Со второго акта картина ощутимо меняется. Дело, конечно, не в том, что театральную залу сменяет столь же архитектурно основательная парижская площадь, в финале почти в неизменном виде трансформирующаяся в тюремную камеру. Изменения, как это нередко случается, связаны с сильной артистической личностью, чье воздействие распространяется на все окружающее. Такой личностью стала Татьяна Сержан. Если в первом акте она еще не успела по-настоящему себя проявить, то во втором не просто великолепно зазвучала, но покорила всех абсолютной правдой чувств. И вот уже Лука Сальси (Жерар), в первом акте откровенно вампучный при всем своем отличном вокале, стал на глазах превращаться в живого, страдающего человека. Последнее, однако, не всегда удавалось Грегори Кунде в заглавной партии. Выдающийся певец явно чувствовал себя не в своей тарелке, будучи более чем в два раза старше изображаемого персонажа (французскому поэту на момент казни был 31 год, а Кунде в феврале исполняется 65). Во времена, когда ставился спектакль, подобное никого не смущало, но с тех пор слишком много воды утекло. Кунде героически для своих лет справился с труднейшей партией, но по-настоящему убедителен был все же не в лирических эпизодах, а в сцене судилища.
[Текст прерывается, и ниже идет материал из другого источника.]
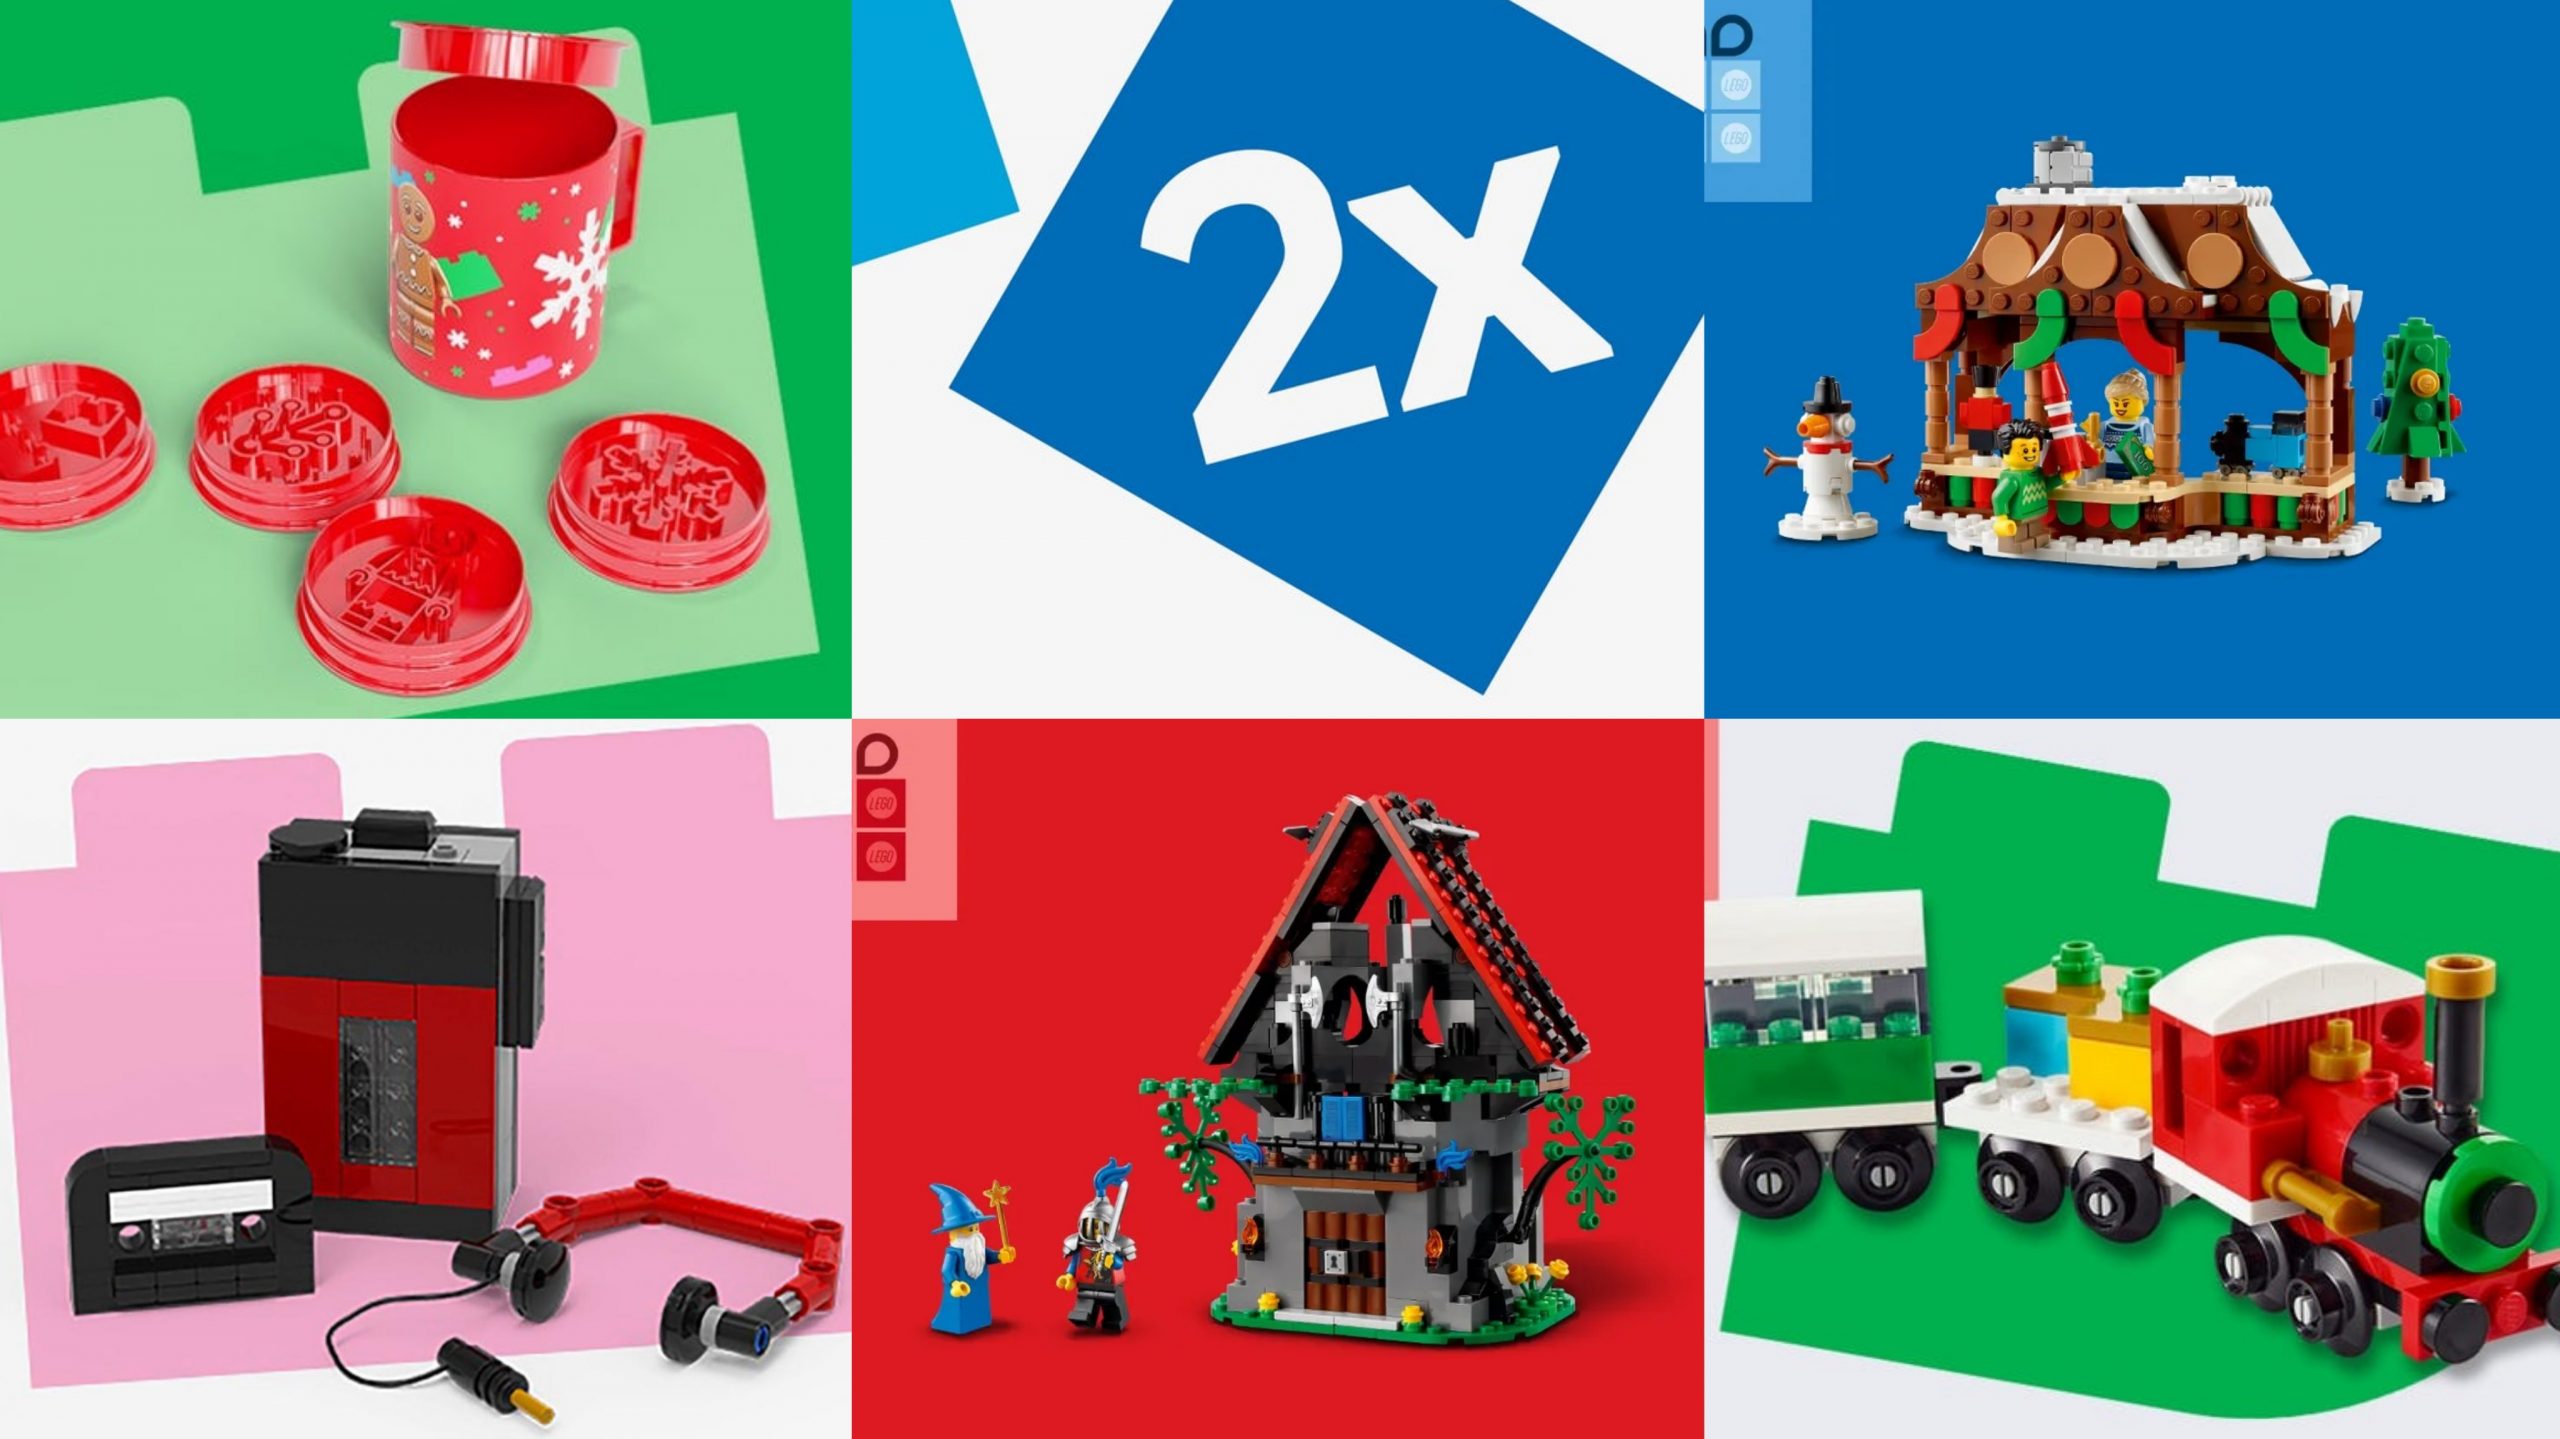 LEGO Gift-With-Purchase – Christmas Fun VIP Add-On Pack 40609

Стоявший за пультом опытный мастер Франсуа Шаслен вполне достойно представил партитуру Джордано, умело балансируя между веристской избыточностью страстей и изысканностью во французской манере. Вот только оркестр под его управлением был недостаточно чуток к певцам, подчас накрывая их звуковой волной, да и синхронность между оркестром и певцами не всегда имела место. Но последнее, как уже говорилось, – тоже из числа местных «традиций»…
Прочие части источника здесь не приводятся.